Priorities USA Action, a PAC that accepts unlimited contributions, originally formed in 2008 to support President Barack Obama’s candidacy. It is now backing former senator and Secretary of State Clinton in her efforts to win the White House.
The PAC reserved nearly 3,000 spots at a cost of nearly $3.6 million at five TV stations in Denver and Colorado Springs. It’s likely that some stations have yet to report reserved time to the FCC.
The Colorado reservations are part of a larger, $70 million buy including the swing states of Ohio, Nevada, New Hampshire, Iowa, Virginia and Florida.
Those ads are scheduled to start in early August and continue through Election Day on Nov. 8.
And the PAC is almost certain to add to those reservations, said spokesman Justin Barasky.
“We’ll likely go up during the primary, but it won’t be geared to the primary,” he said. “We intend to spend heavily on radio and other digital."

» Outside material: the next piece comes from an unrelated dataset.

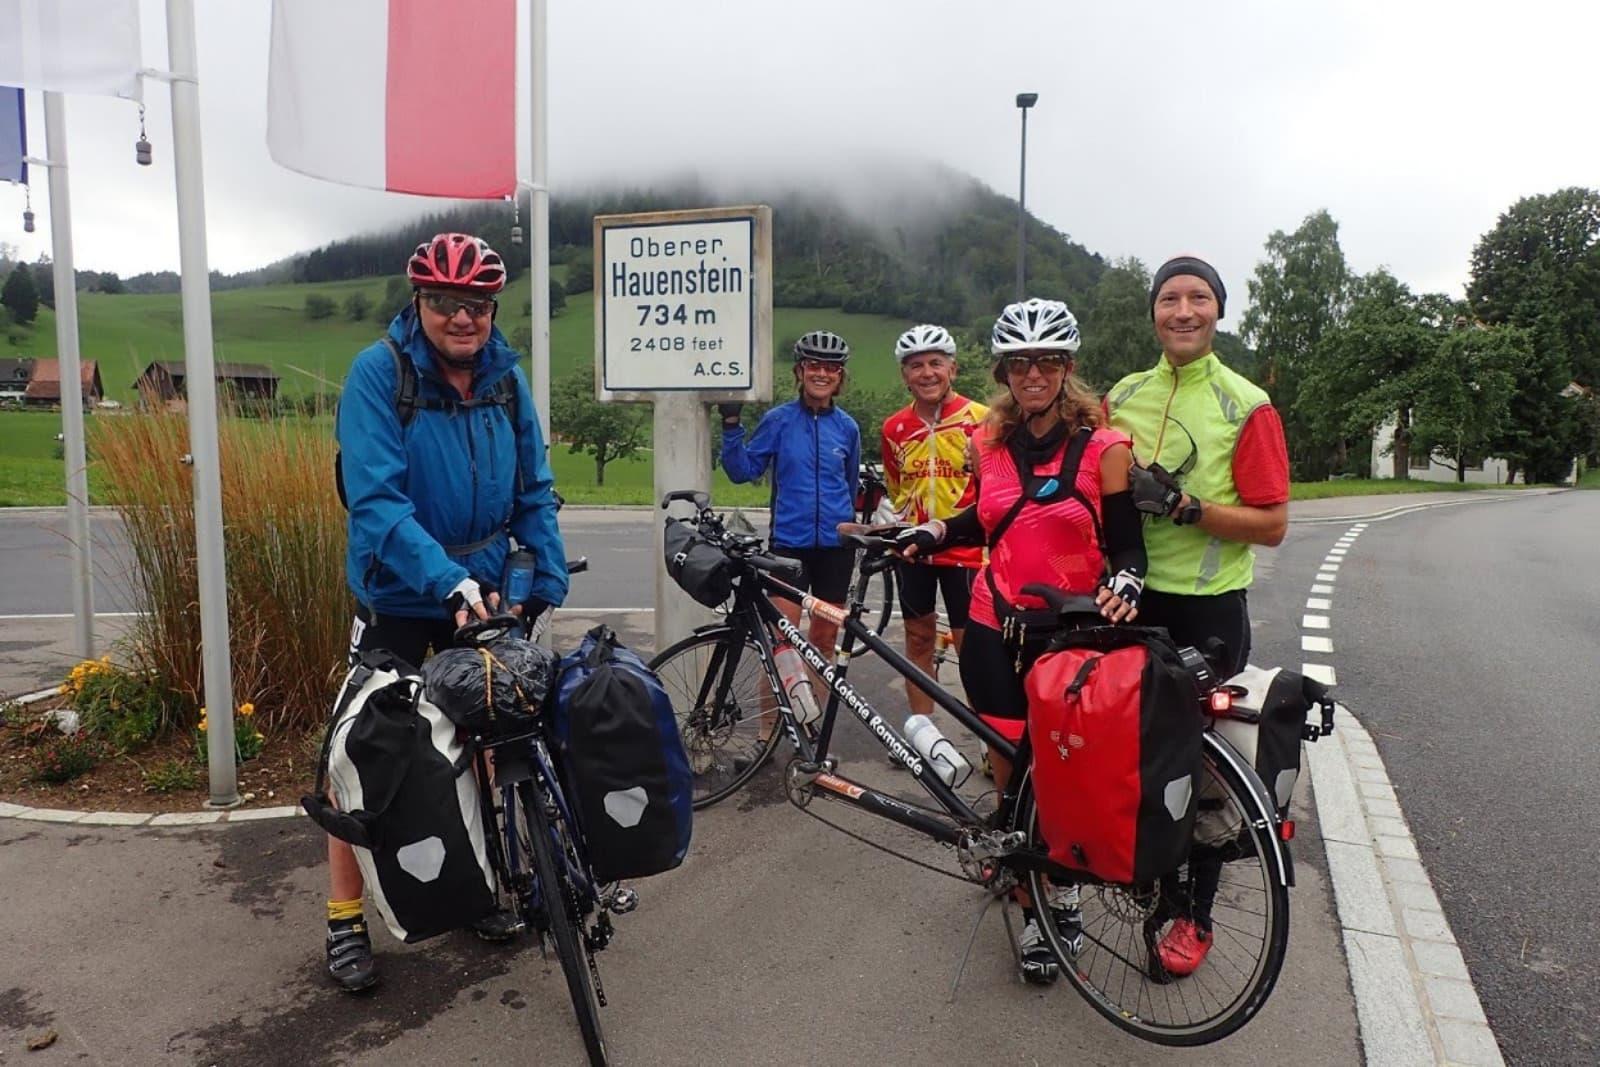 au sommet du Col du Hauenstein

Barasky said the early contracts allow the PAC to reserve time on popular shows for the fall. Priorities USA is spending $11,000 for 30-second ads on the singing competition The Voice, for example, and up to $15,000 for 30-second ads on Thursday night NFL games.
And the House Majority PAC reserved $681,600 worth of time on three Denver stations for the week before the November election.
Documents filed with the FCC didn’t specify which U.S. House races the ads will target. But incumbent GOP Rep. Mike Coffman is facing a challenge from former state Senate President Morgan Carroll in the 6th Congressional District.
And Democratic state Sen. Gail Schwartz filed papers Thursday with the Federal Election Commission to challenge incumbent Republican Rep. Scott Tipton in the 3rd Congressional District.
Analysis of FCC ad contracts indicates that Democratic campaigns tended to reserve time earlier than Republican campaigns and PACs in 2012 and 2014. While Democrats held early leads, Republican candidates and outside groups ended up spending the most on TV ads in 2014.
Gardner was outspent by Udall in 2014 and faced greater negative TV advertising by outside groups, yet he still managed to defeat the incumbent U.S. senator.